Well, he absolutely 100% denies that he has any homosexual urges. Not one. No sir, no how. Not now. Not ever.
But somebody around here wants some dude on dude loving, and that is absolutely repulsive. He can’t abide by that. How in the world would anybody want that? It’s unthinkable. It’s degrading. It’s the worst thing he could think of.
(And he thinks about it all the time.)
He simply refuses to even entertain the idea that he is the person who has these urges because it’s too upsetting. It’s not in alignment with his world view. It’s not who he’s told everyone else he is.
He is uncomfortable with his own natural, minor, unavoidable homosexual thoughts & desires, so he represses them. Like any temptation; the more vehemently it’s forbidden, the more enticing it becomes. It’s like the more you try to ignore it, the louder the siren sings.
Ignoring it doesn’t do any good. It doesn’t actually go away. Instead of recognizing his own desires, he perceives it as being out there. Soon he begins to feel a general feeling that “the gays” are out to get him.
What he’s really experiencing is his externalized self hatred as if it’s coming from anywhere other than where it actually lives; in him.
So what does all this have to do with the office? And your home life?
Everything, it turns out.
Any time you feel pressure from an external source to do something, you’re actually experiencing an internal desire to do that thing that you’ve lost touch with.
Remember this famous quote?
“No one can make you feel inferior without your consent.” – Eleanor Roosevelt
If you didn’t already feel inferior, their opinion of you wouldn’t matter.
If you truly didn’t want to do something, you wouldn’t feel the slightest pressure to do it. No matter how much the person asking you to do it wants you to do it, the amount of pressure you feel is only a measure of how much you want to do it.
It has zero correlation to the other person’s internal state. None. (You’re not a mind reader; there’s no way for you to know what they’re thinking, remember.)
It’s all you.
All that pressure at work? It’s your own desire to excel that you’re not in touch with. You might not admit it to yourself, (or anyone else) because you wouldn’t be able to guilt-trip people for all that work you do for so little thanks. You might be working to leverage all that hard work to a promotion, and you don’t want to appear too eager so you disassociate from your drive to win.
Maybe you just never fully realized what kind of incredible motivation you have to work hard.
Maybe you know how hard you have to work to keep the job, and you like the pay but can’t admit you’d stay in a situation like that for something as simple as the money.
Whatever the reason, the process stays the same: “I have to” is actually, “I want to.”
When you feel pressure to work hard, it’s simply because you want to work hard. When you feel pressure at home to do all these chores, it’s simply because you want to do all these chores.
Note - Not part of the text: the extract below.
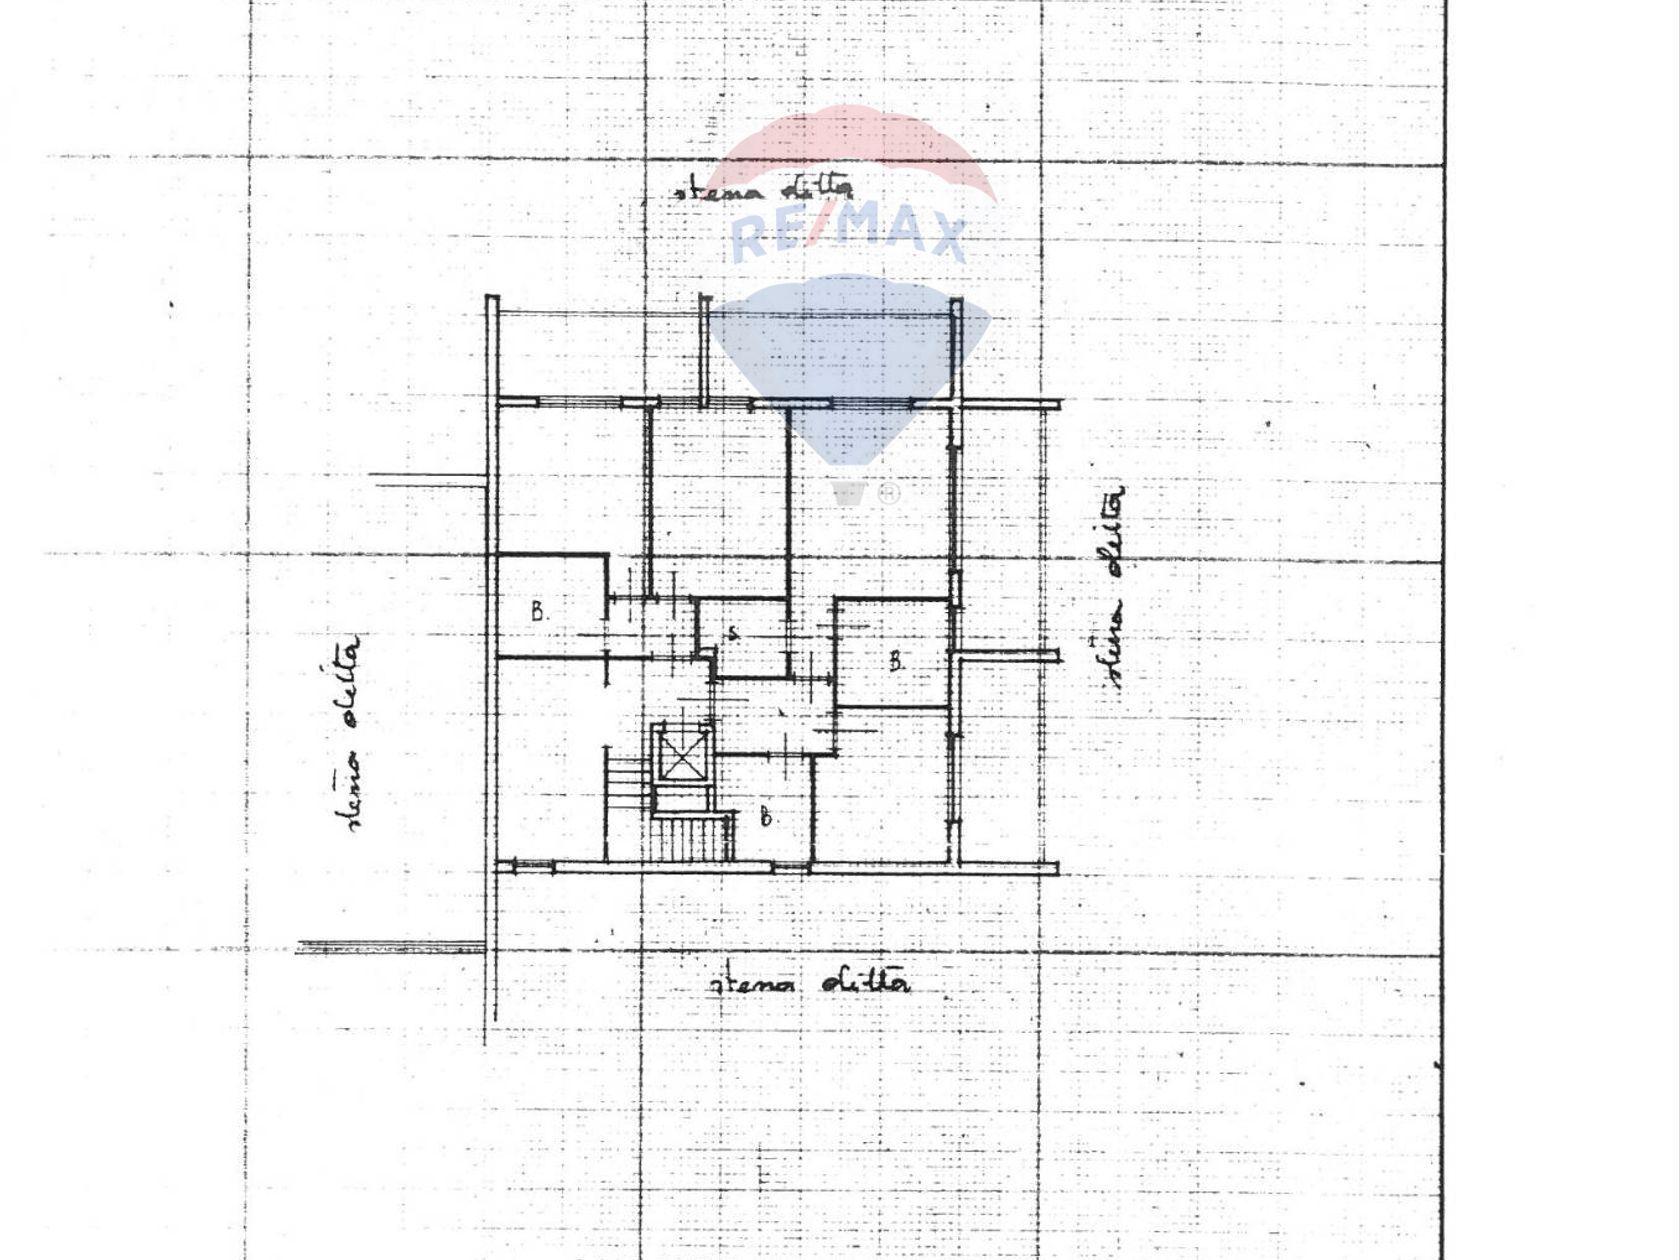 Villa a schiera S. Spirito, Bari, BA Vendita - Planimetria 1

So any time you feel pressure, ask yourself, “What about this situation is the thing I actually want?”
You’ll be amazed at the power you’ll find in admitting your desires. (Maybe not with others, to start, but certainly a good idea to try it with yourself.)
Instead of feeling like the world is out to get you, you’ll realize you’re angry with the world. Any of these experiences of pain from out there should be welcomed. Open your arms & your heart to these experiences because they are a beautiful gift of self discovery, growth, & opportunity for improvement.
Just like energy can neither be created nor destroyed; just translated, so too are your desires. Reclaim your energy by accepting all the parts of who you are, and suddenly the world is full of happiness & joy. (Not because anything out there changed, but you’ll now be seeing reflections of your own inner wholeness shining back at you everywhere you look instead of that part of yourself you couldn’t accept.)
Have other “out there” problems? Tell me about ‘em. I’d love to help you understand what the hell is going on, and help you reclaim all that energy you’re spending fighting what you can’t admit.
You’re a beautiful, multifaceted person who is a wealth of contradictions, logical & illogical desires, and that’s a wonderful thing to be.